The Gap in Bibb is Down

The commission is still incompetent.

Bibb County commissioners’ budget shortfall now stands at about $14 million, but one easy decision could bring that figure to the brink of seven figures.

Finding the rest of the money will take hard decisions, said Commissioner Elmo Richardson, chairman of the finance committee.

5 comments

  1. hannah says:

    There’s no evidence of incompetence in the report on Bib County budget deliberations. All decisions are hard for people with little sense of the future. They make gut choices and the gut is often wrong.
    On the other hand, depriving people of their due makes some people feel important and claiming that the choice to do so is hard is a lie.
    A budget is a plan. People who find it hard to think ahead find making a plan to be hard work. But, it’s usually easier than it seems because hardly anyone bothers to check the results of the spending on the ground. If last year’s money went unspent, that’s either bad planning or bad management. The purpose of money is to be spent.

  2. This Bibb County Commission is probably the most historically CORRUPT commission that has existed in Bibb County. The arrogance and blatant lying to the public is pathetic.

    For some time I’ve compiled documentation of what seems to be petty theft by one commissioner http://bibbrepublicanparty.com/JoeAllenFiles.aspx However, what I am seeing with the Chairman and his 501(c)3 venture is really eye opening. At some point we intend on putting up the interesting web of $$$. No wonder so many people I run into from other parts of Georgia call Macon/Bibb County the armpit of Georgia. No rules, just right.

    Heck, it ain’t just the Commission. It’s City Council and the Water Authority… Too bad Chris Krok still isn’t in Macon. He would have a boat load of material to work from.

    • Lady Thinker says:

      Have you filed complaints with the GBI or made them aware of your documentation? Just curious?

      • We, myself and a retired captain from the fire department, met with the DA several times and was told to leave it alone (the commissioner’s pension issue). I met with officials from the FD, city and spoke with pension board members. I did not get a whole lot of cooperation from the pension board. It’s not a lot of money, maybe $1,000 or 2,000 a year. From what I’ve seen and believe there might have been a falsification of the payroll record. The numbers don’t add up. Also, when I was pushing the issue, I was alleging that there may have been political shenanigans.

        I’m not terribly interested in pushing the issue, BUT SOMEONE SHOULD. What I am finding is that many elected officials really don’t want to open a can of worms an d God forbid an employee do so. The fallout and risk woud be too great for the employee.

        These elected “leaders” know this, so they have their way. Funny thing, I’ve spoken to many who already know this stuff but do nothing about it. Go figure. So, what’s a decent person supposed to do? My thinking is just make it as public as possible and at some point someone will ask questions.

        Regarding the Chairman. Seems to be all legal, but not tremendously ethical.
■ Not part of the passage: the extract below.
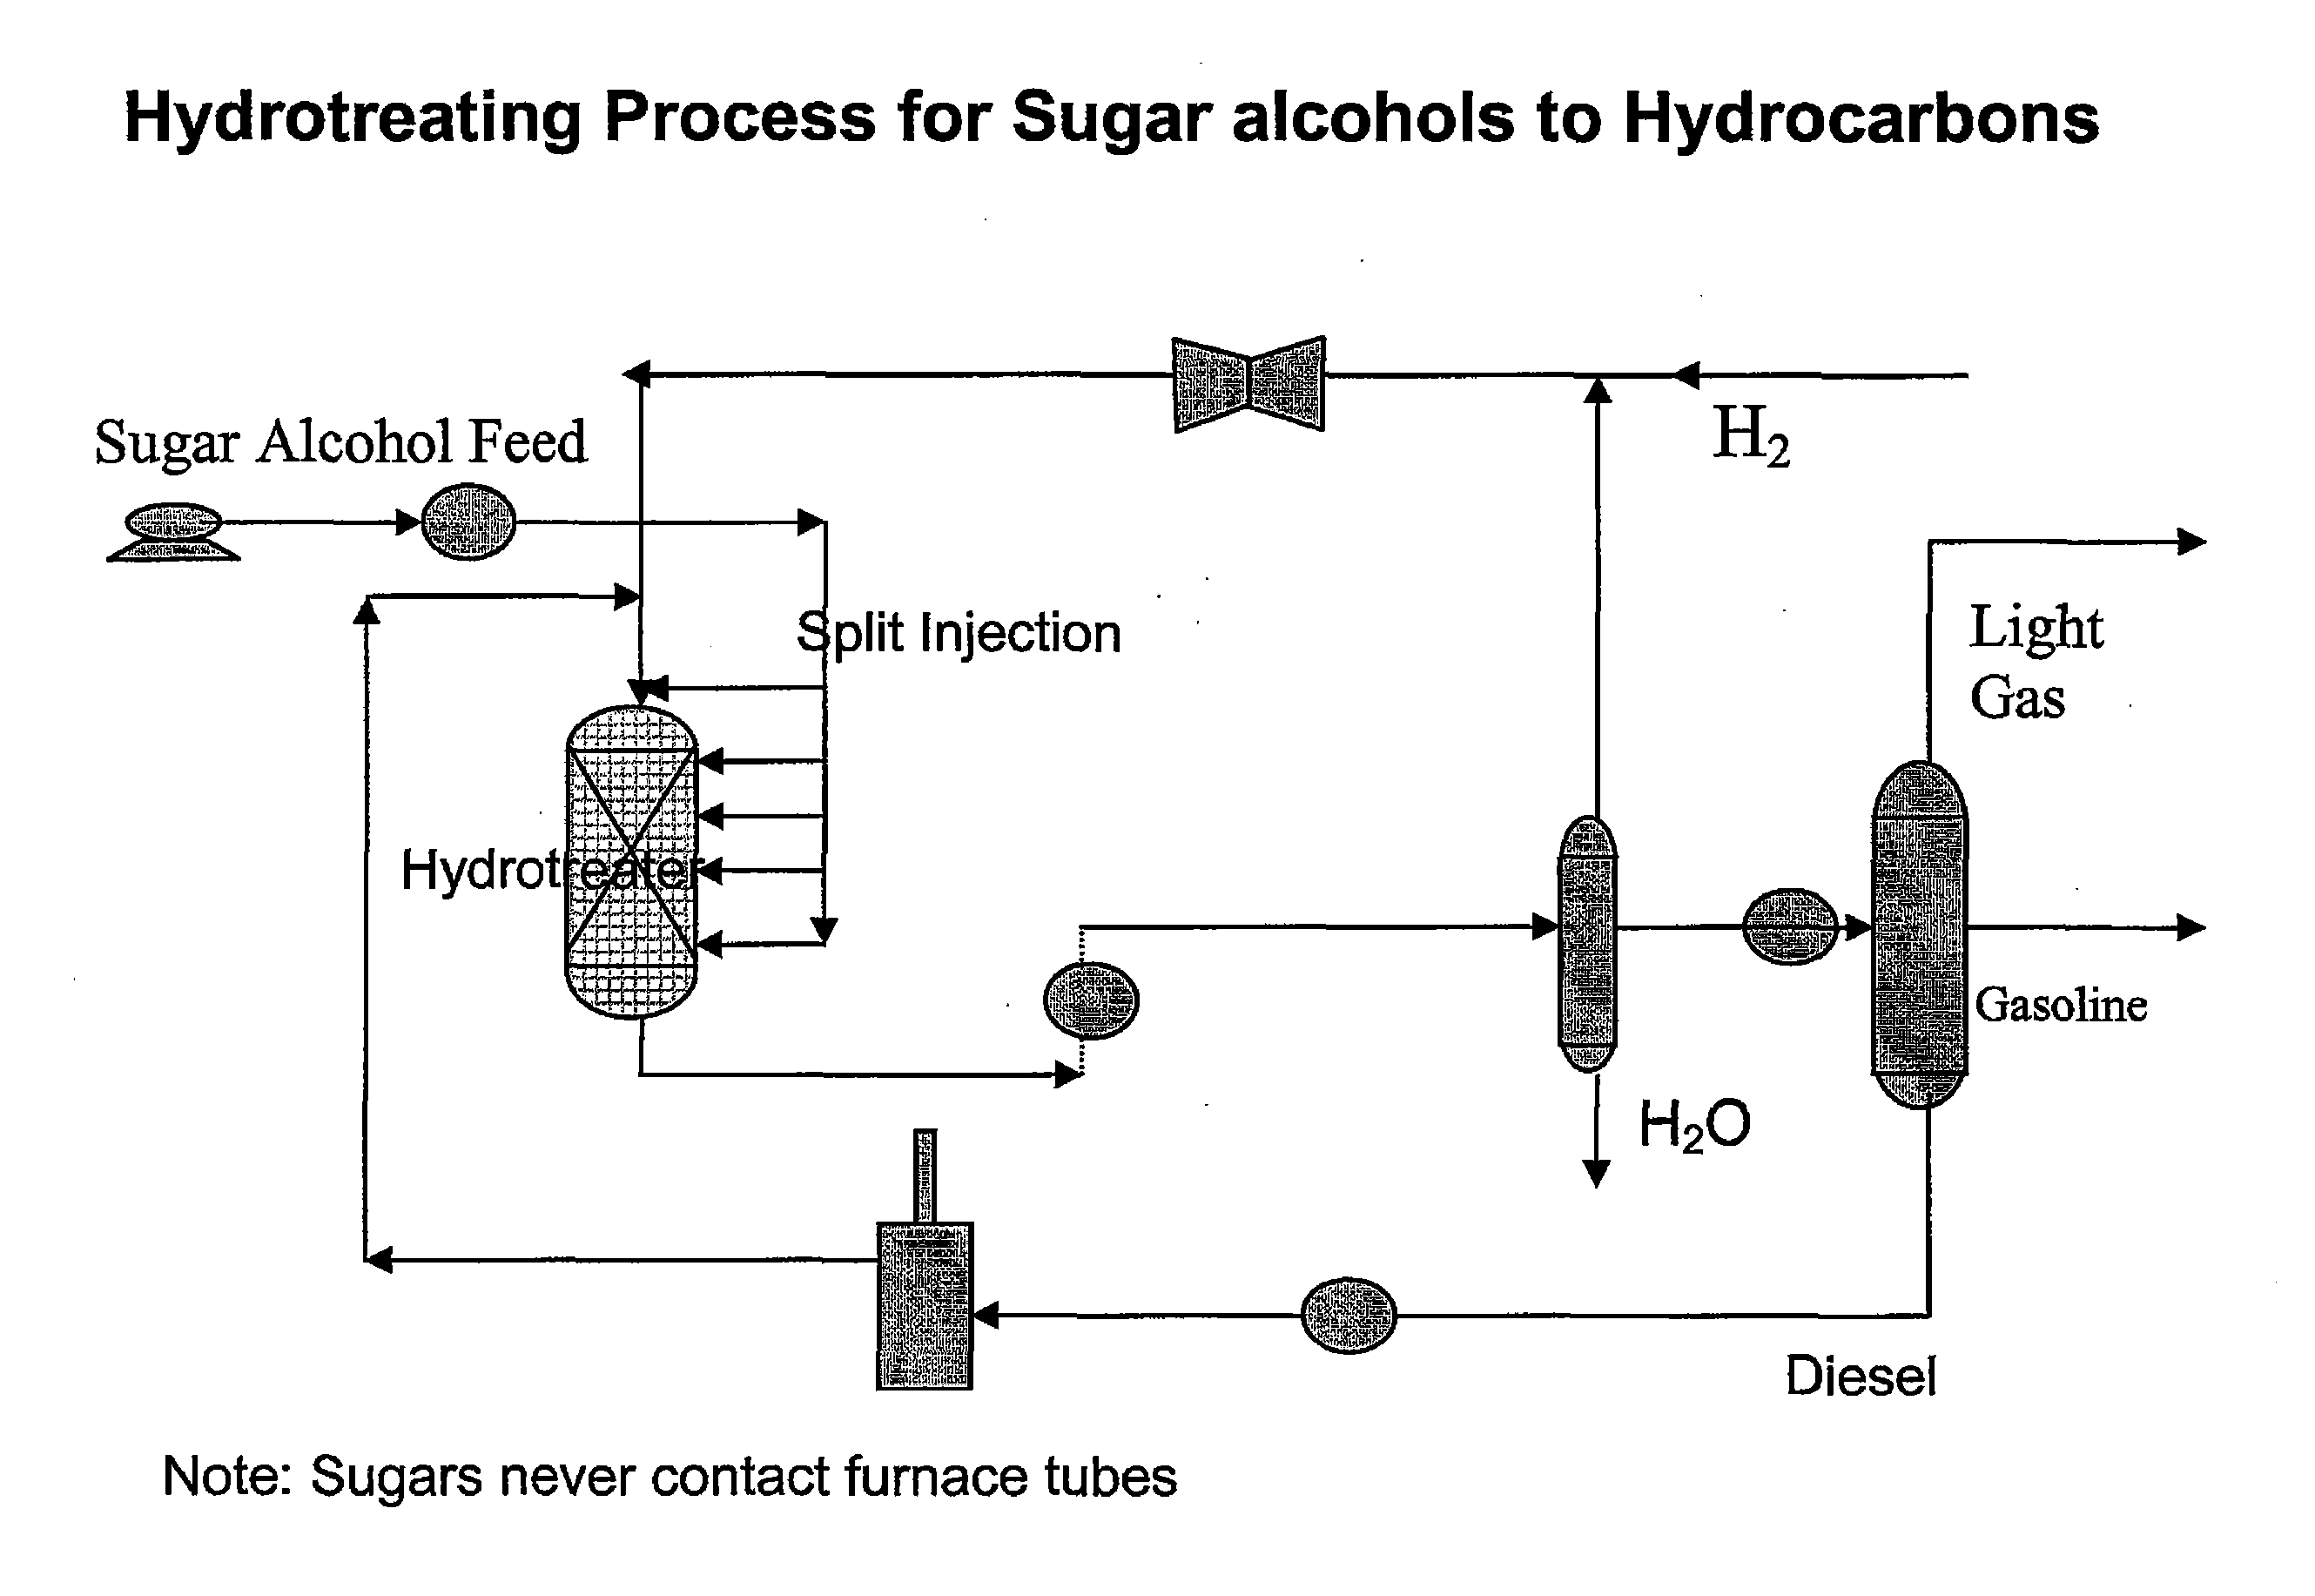 Sugar alcohol split injection conversion

His non-profit takes in a chunk of federal grant money and from other grant sources. He pays no taxes on his business property, it’s “non-profit”. This same Chairman banned all digital recordings of commission meetings. None of the department clerks are allowed to bring recorders in the committee meetings to record “their” minutes. The previous chairman had a fantastic setup that recorded all the committee meetings. So, the beat goes on.

        Makes me really feel like a kook.

        • Lady Thinker says:

          The way Bill Campbell was taken down was someone reported him to the feds.

          http://www.allbusiness.com/legal/litigation/245360-1.html

          Back in the late 1980’s when Sam Cauldwell headed the Department of Labor, a low-level worker reported him for corruption. It was so widespread that a movie called Justice in a Small Town was made depicting the story, which broke in the Georgia Gazette. At that time, nobody believed Cauldwell could be brought down but he was, and so can the people you are talking about in your post.

          You know the story and I think you should consider contacting the GBI or the FBI if you strongly believe corruption is going on in your town. Sometimes, ya just gotta take a stand or give them permission to continue while turning a blind eye.

          Think about it, then make that call.